Aesthetic appeal in music is in terms of flexibility of vocal expressions. In such a context, ragas go beyond swara-scale variations and sahitya beyond just words. When these two aspects come together in a concert, it leads to a subtle and dynamic exploration. In the hands of an artist with strong training, musical interpretation becomes a reflection of sangatis, sancharas and structural compactness of the compositions.
Vasundhara Rajagopal’s performance for Sri Krishna Gana Sabha to mark the Swati Tirunal Day was not just about techniques but about a deeper understanding of the songs she chose that day. She offered an insight into the kirtanas and the other values conveyed through them.
Her interpretation of the Nilambari kriti “Aanandavalli” had utmost tranquillity and emotional quotient. It carried sahitya wealth, musical motivation and an even structural pace and Vasundhara got completely involved in it. She was quite at ease with its visranti in vilambakala.

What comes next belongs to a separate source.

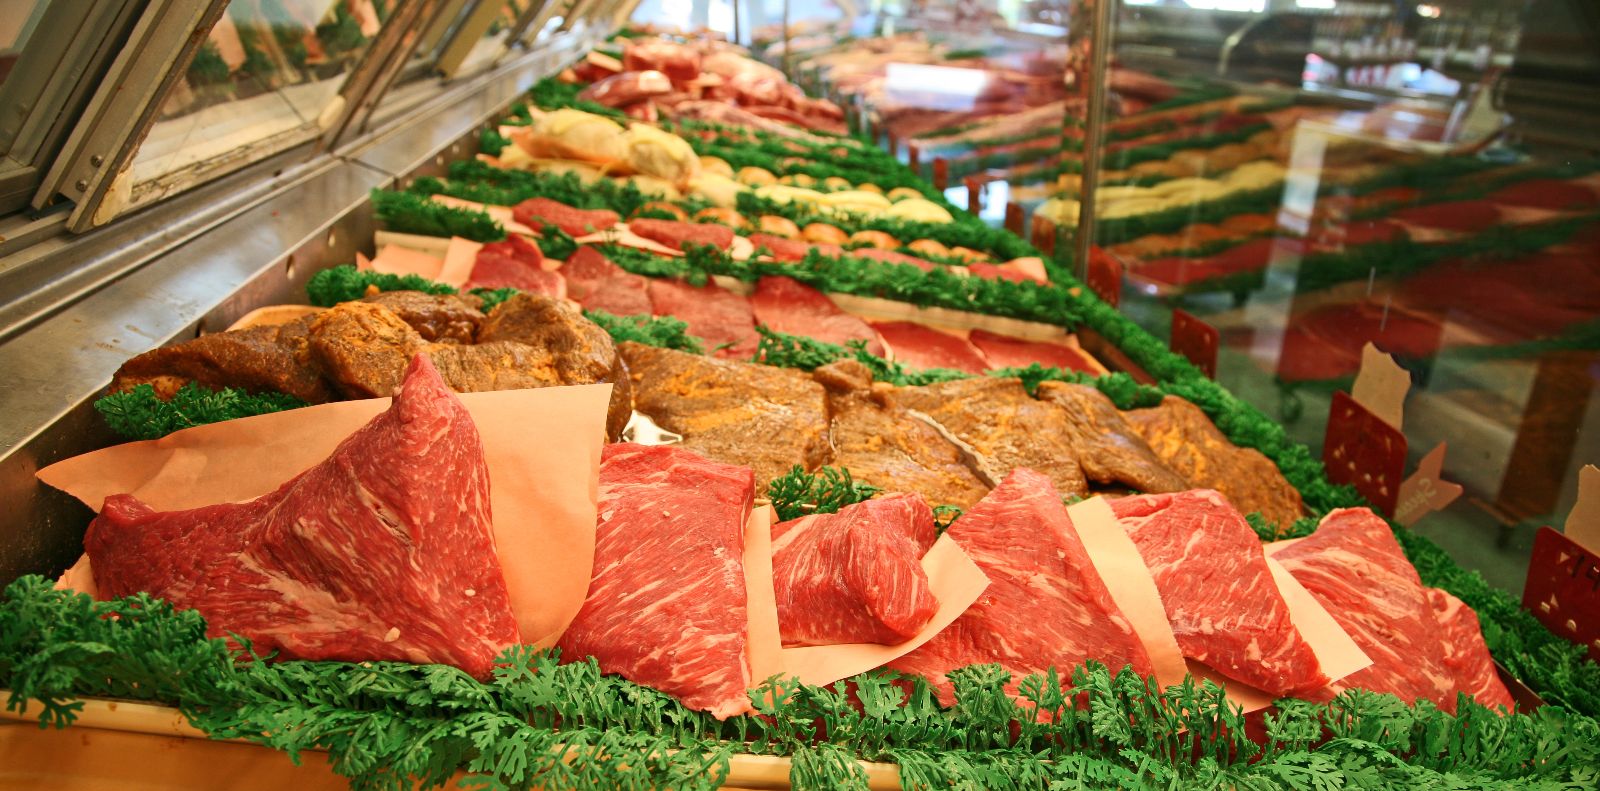 Снизить стоимость мясных продуктов в магазинах можно за счёт сокращения издержек производства

To keep the rasikas riveted she sang familiar songs such as “Jaya Jaya Padmanabha” (Manirangu) “Saara Saaksha Paripalayamam” (Pantuvarali) and “Bogeendra Sayinam” (Kuntalavarali). Another noteworthy kriti was “Sri Anjaneya” in Saveri. In both the Nilambari and Saveri kirtanas, the influence of sahitya was predominant.
In handling raga alapana, Vasundhara used her manodharma extremely well and allied to the swaroopa of the ragas. The edifice of Saveri and Pantuvarali was brief on telling sancharas, an indication of her solid training. Without compromising on present day tastes, traditional vividness and consistency formed the essence of the two ragas.
In both rendering of songs and raga alapana, the vocalist linked her musical perception to the sahitya and sanchara in the ragas. If the integrity of a musician involves two factors – true to the art and sincerity to express the art, then Vasundhara Rajagopal was quite modest in revealing both in her performance.
In Pakkala Ramadoss (violin), Sai Giridhar (mridangam) and Adambakkam Sankar (ghatam), Vasundhara had understanding accompanists, competent and restrained as well.